Another way to configure the modem is to send a sequence of configuration commands to it just before you use it. This sequence of such commands (with no spaces between the commands) is known as an "init string". Most communication programs automatically send the modem an init string and give you some choice as to what it should be.
You might think that if you have set up your power-on configuration correctly, you should use an empty init string (make no changes). This is not always a good idea since some other program might have sent the modem commands to change its configuration resulting in a configuration which is not what you want. Thus, for a Hayes-compatible modem a simple init string might be just: ATZ1. This starts the prefix AT which is required to be first in all init strings to say "ATtention; here's an init string". The Z1 says to reset the modem and load the saved configuration 1 (or profile 1). To save an existing configuration as configuration 1 (profile 1) the command is AT&W1. To have this configuration used at power-up the command is AT&Y1. There is also a profile 0 for which you use a 0 instead of a 1 in the above commands. Note that for USR (and some other) modems, the above Hayes-compatible commands don't work.

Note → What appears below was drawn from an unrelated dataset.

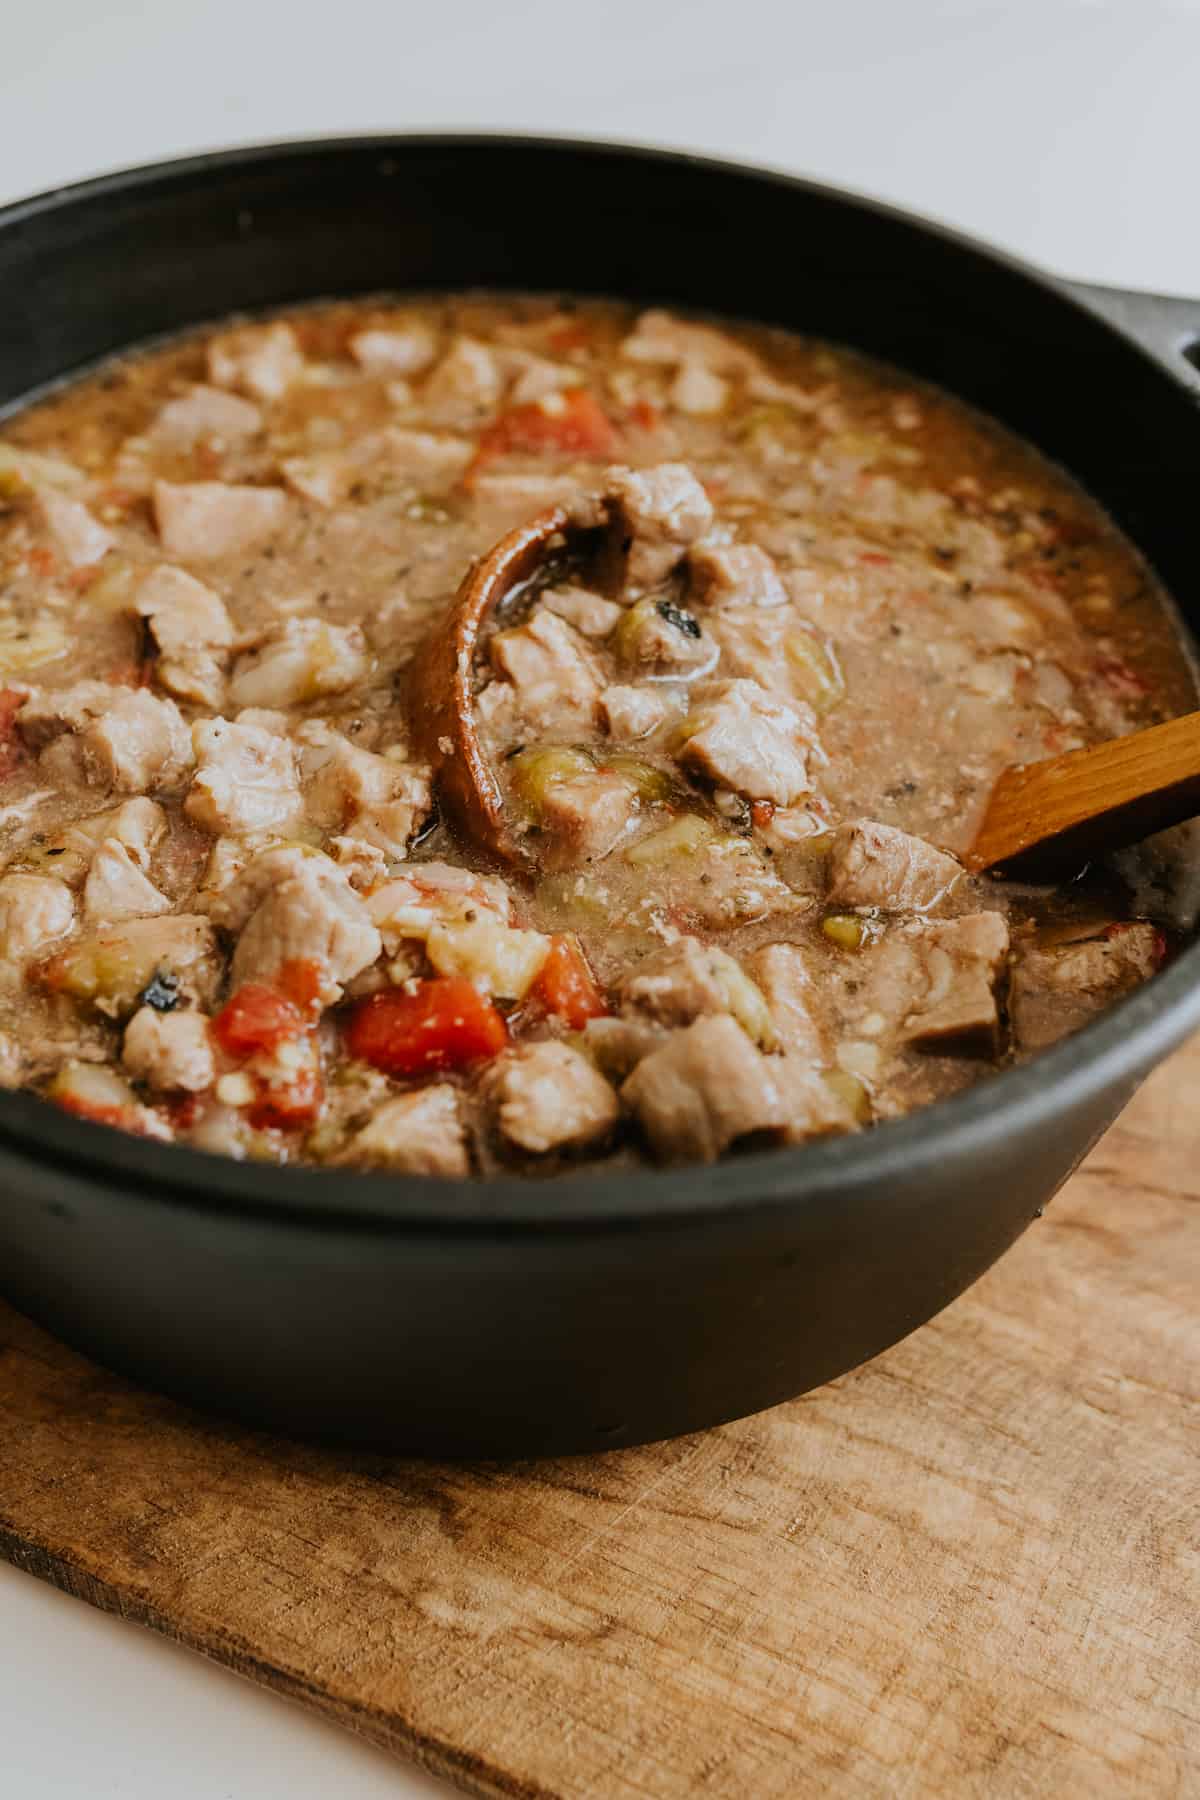 Pork Green Chile in a black cast iron pot packed with peeled, roasted chiles and succulent pork to create an easy and warming stew

Many people don't bother saving a good configuration in their modem, but instead, send the modem a longer init string each time the modem is used. Another method is to restore the factory default configuration 1 by sending the modem AT&F1. Then you might include a few commands in an init string to modify the factory profile 1.
You may pick an init string supplied by someone else that they claim is good for your modem, etc. Some communication programs have a library of init strings to select from. The most difficult method (and one which will teach you the most about modems) is to study the modem manual and write one yourself. You could save this configuration inside the modem so that you don't need an init string. A third alternative is to start with an init string someone else wrote, but modify it a little yourself.
Future edition of Modem-HOWTO may contain more on this but the rest of this section is what was in the old Serial-HOWTO. All strings must start with AT. Here's a few codes that should be in the string (if they are not set by using the factory default or by a saved configuration).
E1 command echo ON
Q0 result codes are reported
V1 verbose ON
S0=0 never answer (uugetty does this with the WAITFOR option)
Here's some more codes concerning modem control lines DCD and DSR:
&C1 DCD is on after connect only
&S0 DSR is always on
DTR does what? (depends on configuration)
If your modem does not support a stored profile, you can set these
through the INIT string in a config file (or the like). Some
older modems come with DIP switches that affect register settings. Be
sure these are set correctly, too.
Greg Hankins has a collection of modem setups for different types
of modems. If you would like to send him your working configuration,
please do so:
mailto:greg-hankins@cc.gatech.edu You can
get these setups at
ftp://ftp.cc.gatech.edu/pub/people/gregh/modem-configs.
Note: to get his USR Courier V.34 modem to reset correctly when
DTR drops, Greg Hankins had to set &D2 and S13=1 (this
sets bit 0 of register S13). This has been confirmed to work on USR
Sportster V.34 modems as well.
Note: some Supra modems treat DCD differently than other modems.
If you are using a Supra, try setting &C0 and not
&C1. You must also set &D2 to handle DTR correctly.